CLOSE AD ×

Cheech Marin Center for Chicano Art and Culture secures funding, will open this year

Not Up In Smoke

Cheech Marin Center for Chicano Art and Culture secures funding, will open this year

The Cheech Marin Center for Chicano Art and Culture has officially secured $1 million in annual funding from the city of Riverside, California, and will soon showcase 74-year-old comedian and noted marijuana enthusiast Cheech Marin’s vast repository of Chicano art.

Marin, whose 700-plus-piece collection of Mexican-American art is estimated to be the largest in the world, has been pitching the city of Riverside on converting the 1964 Riverside Public Library building into a museum since at least 2017. On January 19, the Riverside City Council voted 4-0 to approve the conversion and to provide $1 million a year for the museum’s continued operation. The library (Riverside’s main branch) will relocate and the Riverside Art Museum will foot the bill for the $10.7 million conversion of the former building into “The Cheech,” and has agreed to manage the center for 25 years.

The 61,420-square-foot building’s transformation from library to art center will be handled by a team headed by Page & Turnbull and wHY, two firms with ample historic preservation and museum experience between them. In a press release announcing The Cheech’s approval, the joint modernization and expansion of San Francisco’s Asian Art Museum, the first collaboration between the two firms,  was touted as a successful model and precedent for realizing this project. From the renderings released, it looks like the team has gone with an intentionally spare (but warmly colored) gallery feel across the center, with an exposed concrete coffered ceiling and holes cut in the second-floor slab to create a greater sense of verticality. The building’s aging roof and HVAC system will also be replaced.

As The Press-Enterprise reported in its breakdown of The Cheech’s finances, the city is expected to funnel approximately $10 million to the art center in its first decade, while reaping $3 million back as part of an expected cut of ticket sales in that same period.

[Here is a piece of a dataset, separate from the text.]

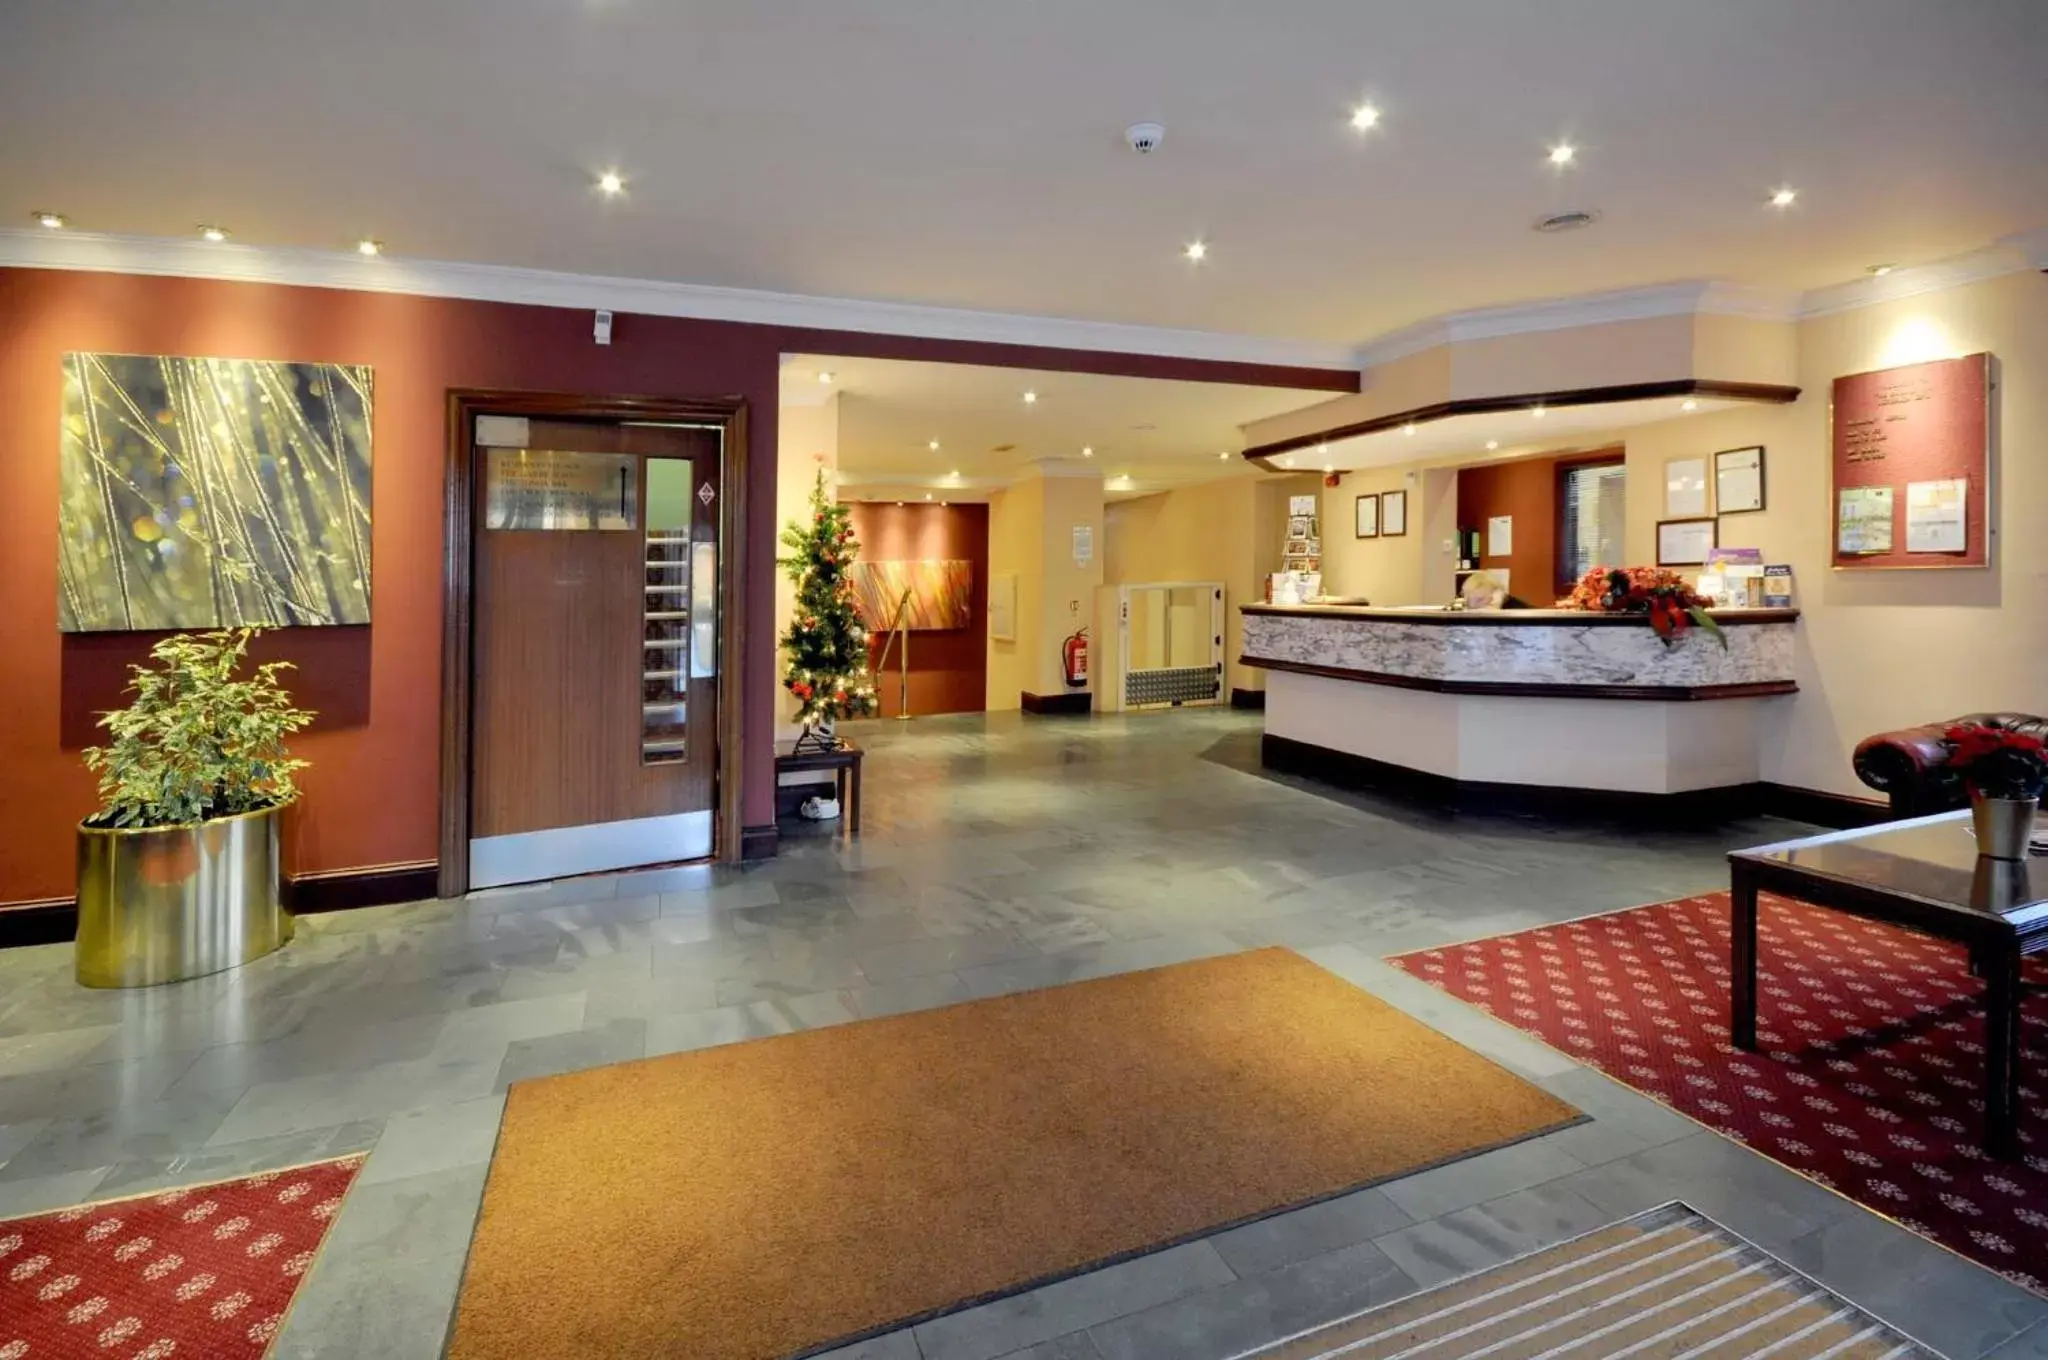 Lobby or reception, Lobby/Reception in Caladh Inn
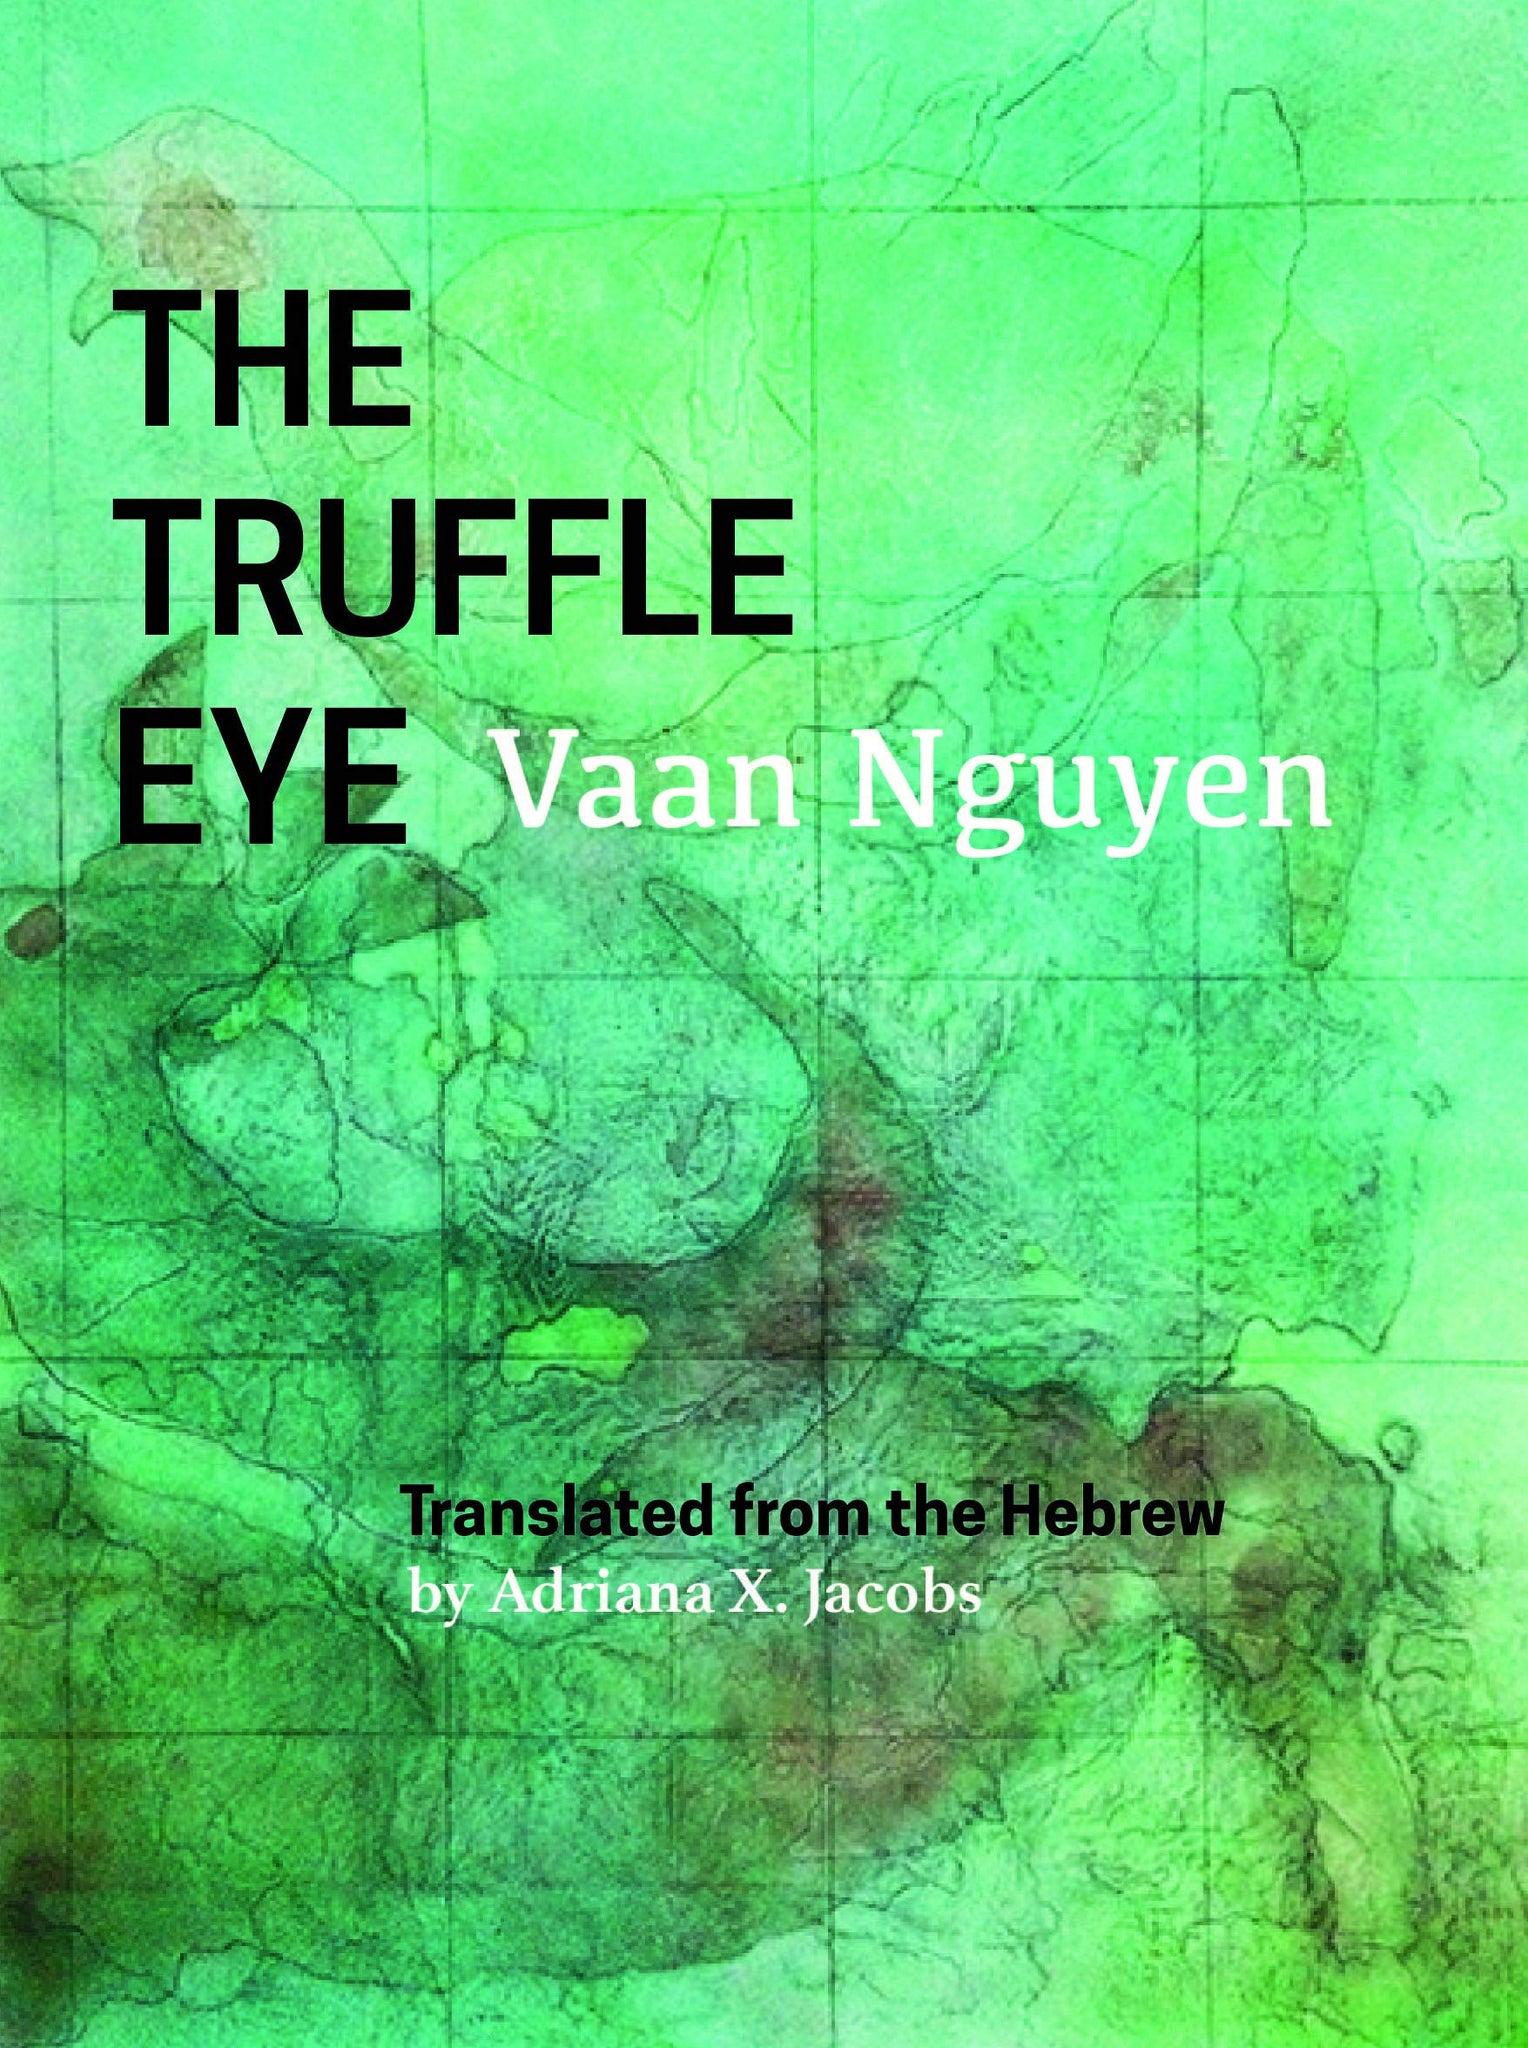 The Truffle Eye

Marin, for his part, has already given 11 pieces of his collection to the Riverside Art Museum for display, and plans on donating 500 more once a storage facility for the art center is complete. Construction of the Cheech Marin Center for Chicano Art and Culture is expected to begin soon, and the center is on track to open sometime later this year. Hamel Contracting of Murietta, California, has been hired to oversee the conversion.